In fact, the past three quarters, when measured in year-over-year comparisons, show by far the largest YOY growth in rents ever recorded.  The second quarter's average rent of $1,265 was up an enormous  13.2 percent from the second quarter of 2014 when the average rent was $1,117. The YOY increase was over 12 percent for both the fourth quarter of 2014 and the first quarter of 2015:

Thanks to continued in-migration and a relatively small amount of new single-family construction, multifamily housing remains the most feasible option for many households. Those seeking affordability will move outward from the urban center to more affordable C-class units in further out neighborhoods. Some households will double up or take on roommates. 

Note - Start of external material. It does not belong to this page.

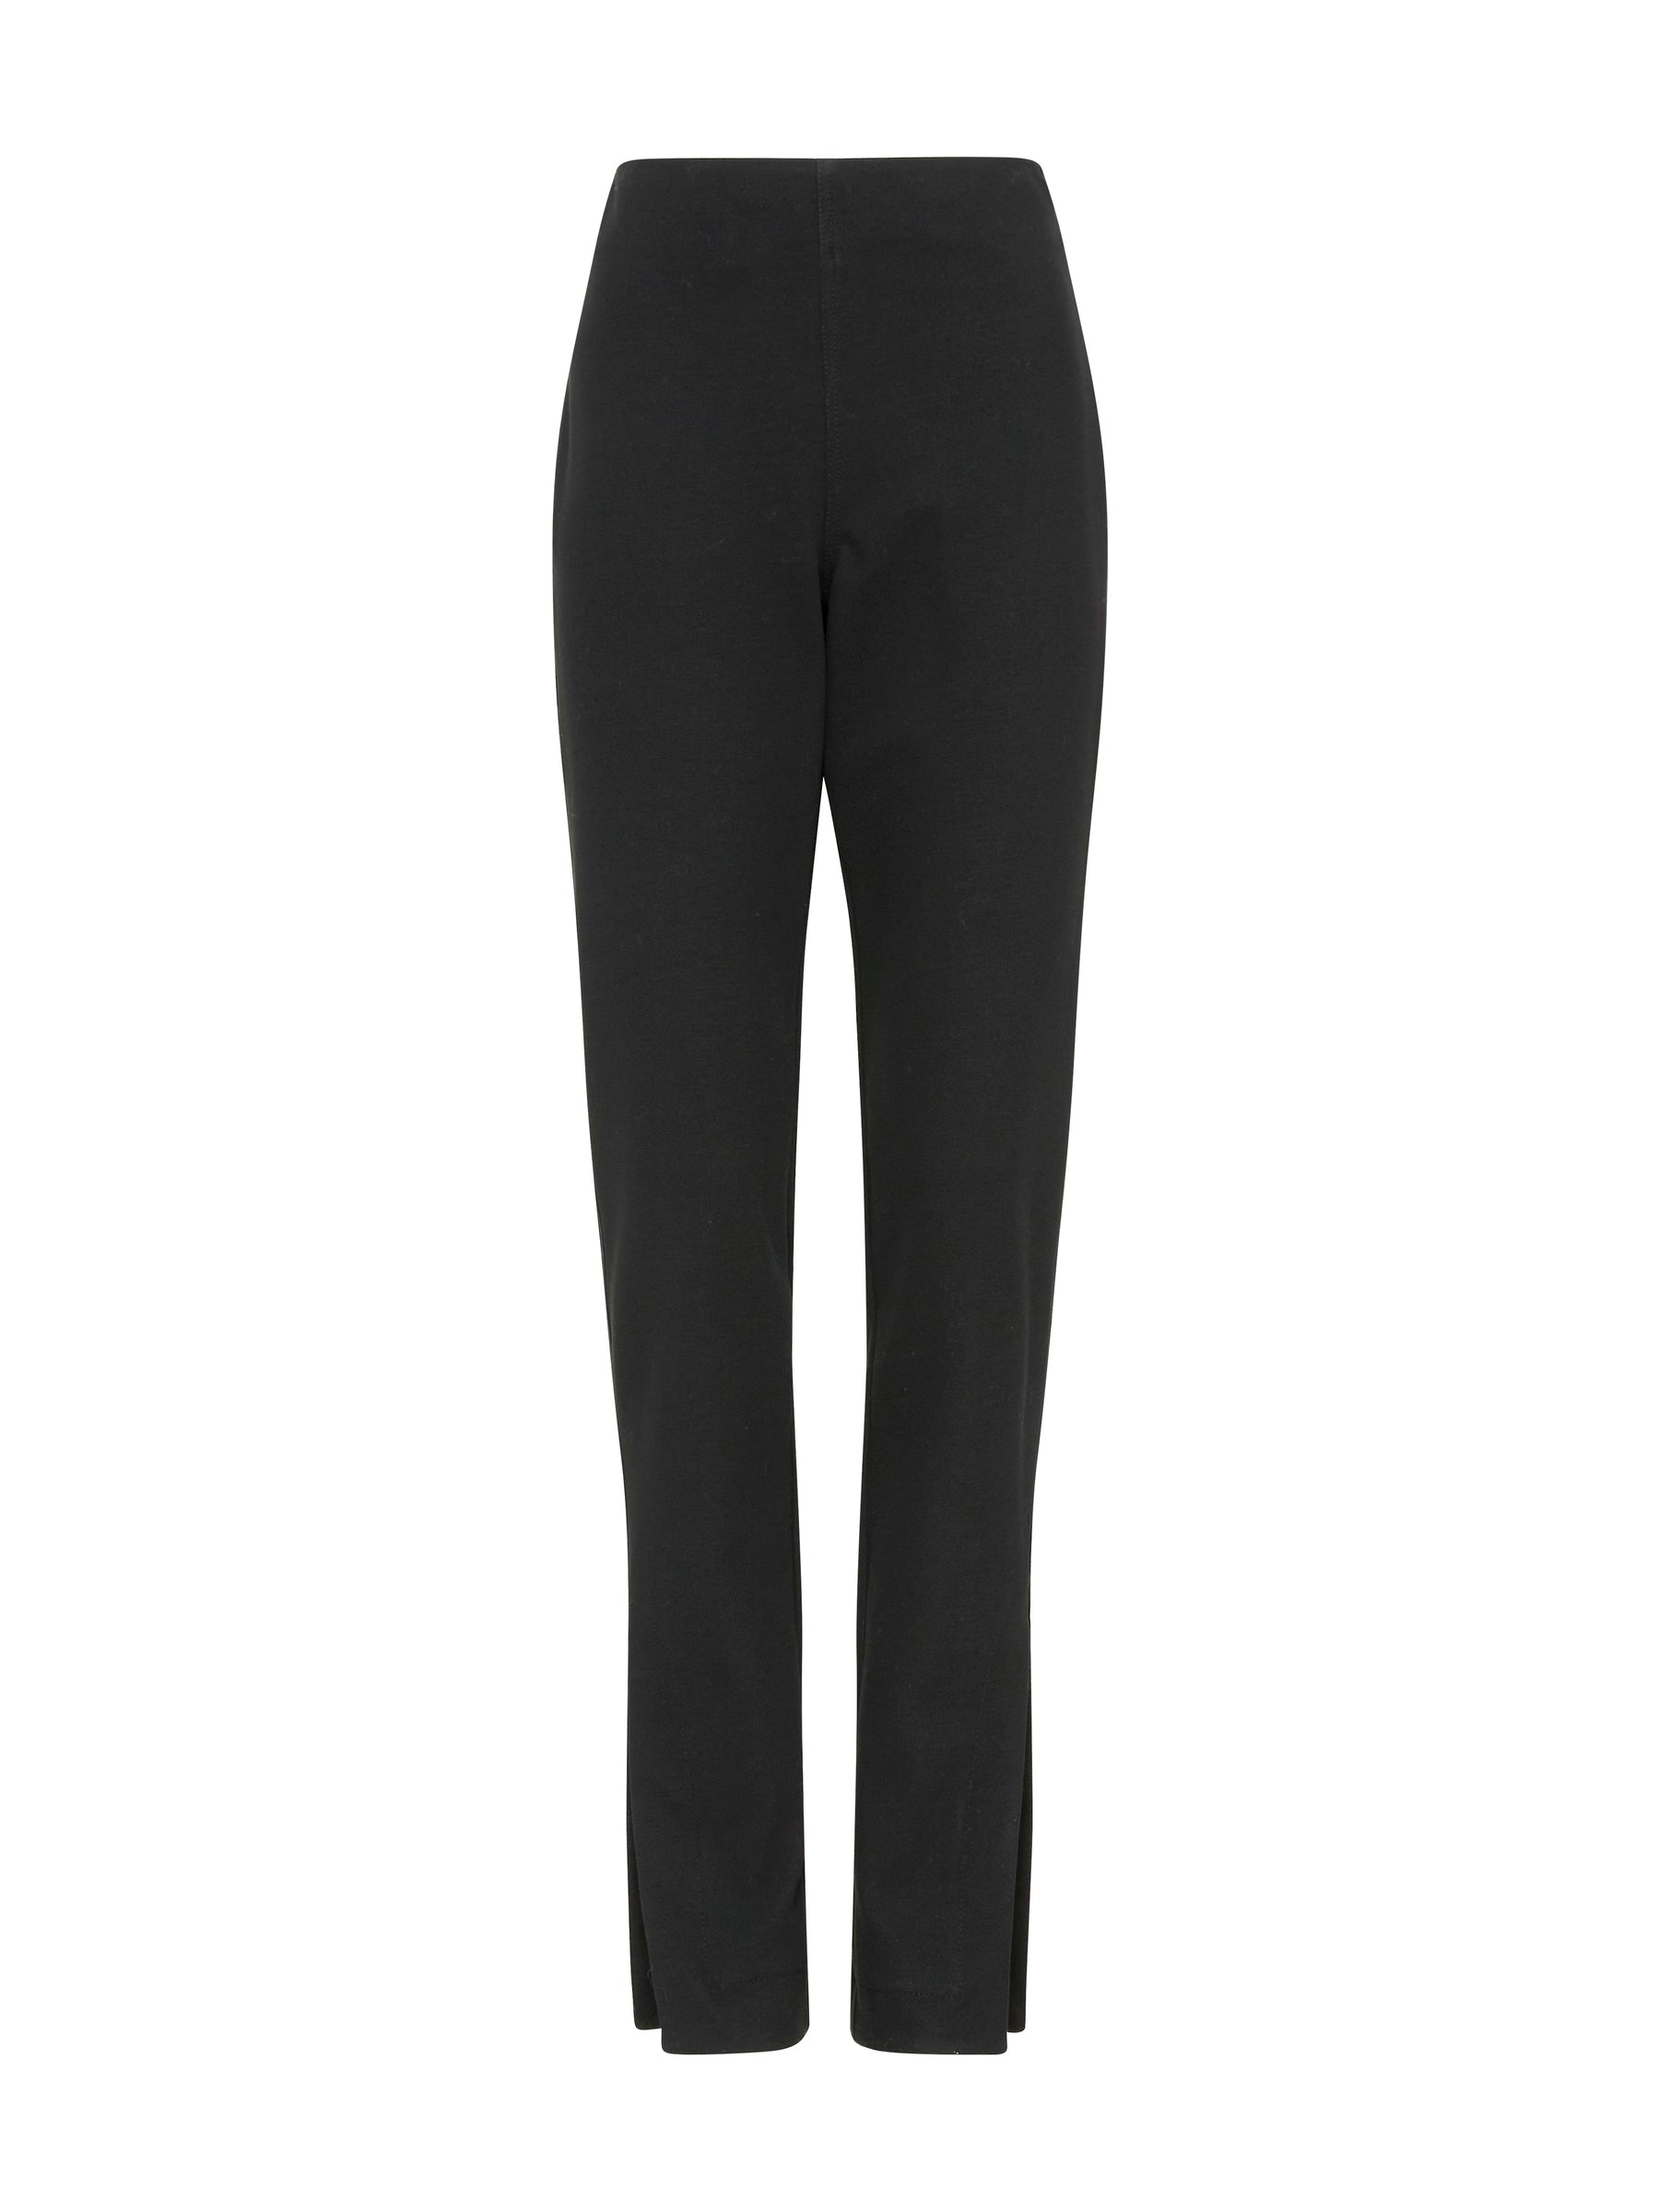 Devi Side-Split Stretch Pant (Regular)  Stretch pants, Splits stretches,  Black pants

The population growth data, though, won't come in for a year after the fact, so it's hard to know to what extent a lack of affordability is impacting in-migration at this time.

Compared to to other markets, the Denver market is experiencing some of the highest rent growth rates in the nation. But, of course, rent level remain well below those in San Francisco

Note: The report also tracks median rent, although, at this time, there is no significant difference in the trend between median rents and average rents. the median rent during the second quarter of 2015 was $1,225, which was up 14.7 percent from the 2nd Q 2014 median rent of $1,067. The median rent during the first quarter of 2015 was $1,203.

Thursday, October 1, 2015

Colorado One of the Best States for Property Tax

This map from the Tax Foundation shows that Colorado has some of the lowest property taxes in the nation:

This should not be interpreted as a proxy map for which states have the lowest overall tax burden, for example. Note that Texas has relatively high property tax. But, Texas has no income tax so there's little we can discern about taxes in general from this map.

But when thinking about property taxes, it is useful to note that property taxes are especially damaging to people on fixed incomes like retirees and disabled people. Old people with low incomes, for example, would do fairly well in a state with high income tax and low property tax. But if property taxes are high, those seniors would get pummeled by repeated increases  in the property tax.